It’s been 9 long weeks since we went into lockdown, so the Governor’s announcement this week that we can start to open things up will be very welcome to many who have been struggling physically, mentally, and financially.  However that light at the end of the tunnel may still be a way off, with many stage gates and regulations to work through before stores, restaurants, schools, and services can get back to anything like normal. So what can we do in the meantime?  We put together five simple things we as individuals can do to support the communities we live in.

Shop Local


It goes without saying that once the local stores and restaurants in your town are fully open you would support them whenever you can.  But many businesses have innovated and remodeled their business plan to stay in operation even with the lockdown restrictions.  Restaurants offer takeout, stores offer virtual shopping, hair salons sell products online, photographers offer gift cards to be redeemed at a later date.  All of these initiatives can help them stay afloat and still be around to open up when allowed.  Your local Chamber of Commerce is a good place to find lists of businesses that are offering services at this time.  For example, in Winchester they have launched, a website where you can search by business type or name to find stores, restaurants, and services.  Melrose has a list of all its members and if they have curbside pick up, delivery, gift cards or other offers.  Arlington Chamber of Commerce has partnered with the town to play “Shop Local Bingo”, encouraging residents to patronize local businesses and possibly win a $100 gift certificate.   

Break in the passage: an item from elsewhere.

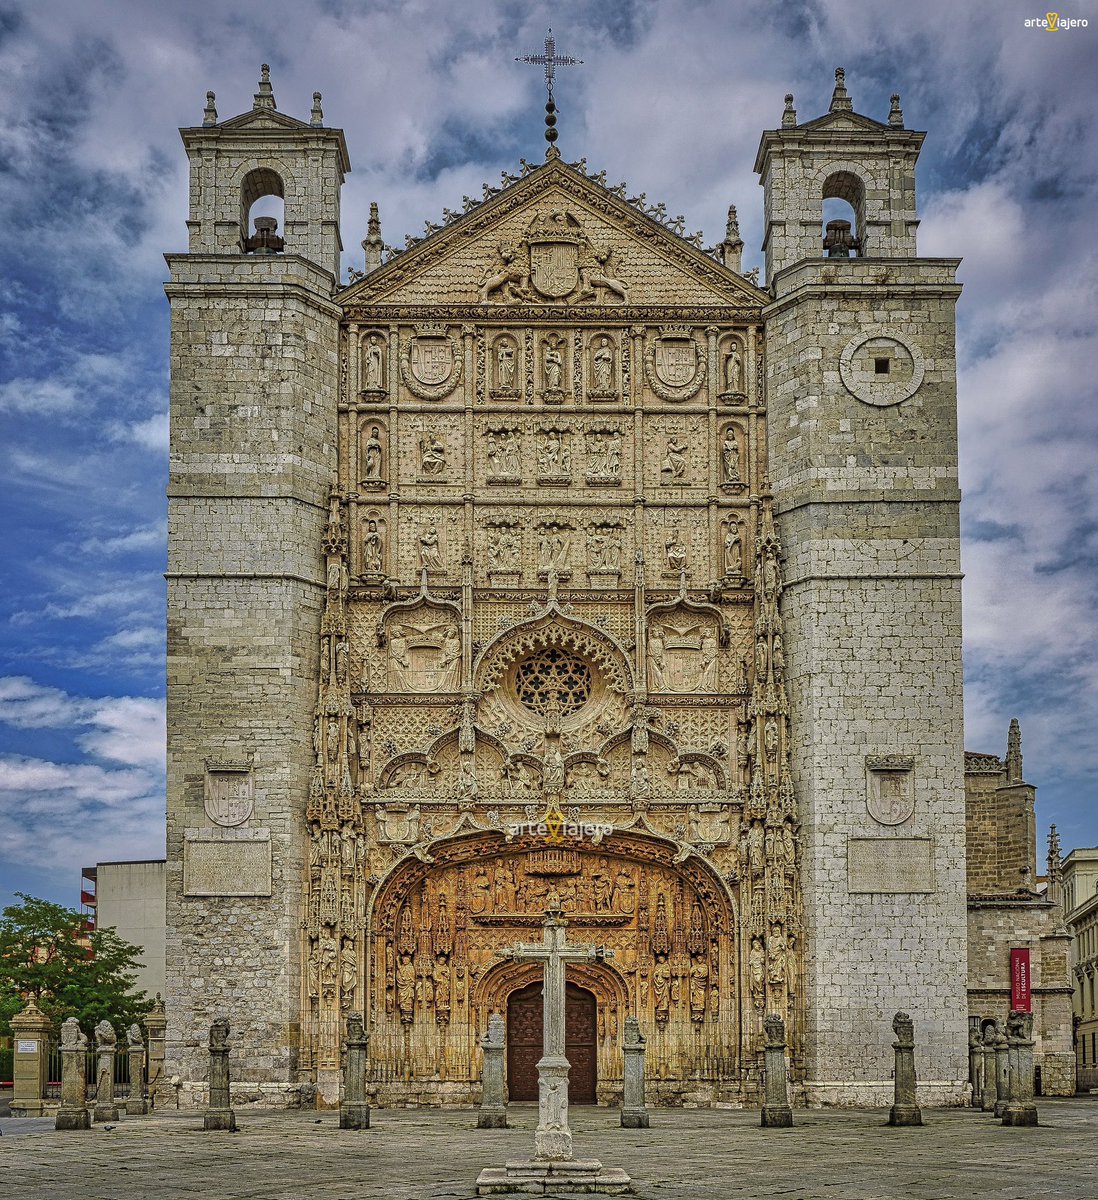 Iglesia de San Pablo (#Valladolid), considerada como una de las máximas cotas del estilo Gótico Isabelino. En ella destaca su espectacular fachada que podemos definir como un auténtico retablo esculpido en piedra #FelizLunes #BuenosDias

As the lockdown has continued and many people have been furloughed or even lost their jobs, the demand on local food banks has increased dramatically.  In addition, with children no longer in school many have lost access to their only guaranteed meal of the day.  Organizations such as Winchester Got Lunch and Arlington EATS have stepped up their operations to try and bridge this gap, but they require donations (of food and money) to keep up with demand. Picking up an extra box of mac n cheese, jar of peanut butter, or box of cereal next time you are shopping can make the world of difference to a family who is struggling.  Read our recent blog to find out about other organizations in your area and where you can drop your donations safely.


Give Blood

Emergency surgery, certain cancer treatments, and critical transfusions have still been taking place during the pandemic, but with the stay-home order drop-in blood drives were canceled and donations have fallen. Many people wrongly assumed that donations were not possible, but with supplies dwindling it’s as important as ever that healthy donors continue to make appointments.  The American Red Cross has great information on their website about the extra precautions that they are taking during the coronavirus outbreak, and they can help you find your nearest donation center.  




Volunteering can be a truly rewarding experience, as well as a fantastic way to give back to your community.  Despite the restrictions, there are still many opportunities to give back in this way, although some will look a bit different from before - maybe you will be helping to man a phone helpline, or packing goods wearing a mask and gloves.  Contact Boston Cares to get matched with an opportunity to suit your availability and comfort level.


Say Thanks


Throughout this crisis those classed as essential workers have continued to keep our community running.  Alongside healthcare workers, those working in grocery stores, mail workers, delivery drivers, police officers, firefighters, DPW workers, cable technicians, and numerous others have been going to work, often in difficult circumstances.  Why not take a moment to show your appreciation for their efforts  - you could write a letter, have the kids make a poster, or simply say “thanks” next time you see them.  If you want to go further, check your local residents' Facebook group or email list - some towns have set up regular food deliveries to workers at local hospitals and will happily accept donations.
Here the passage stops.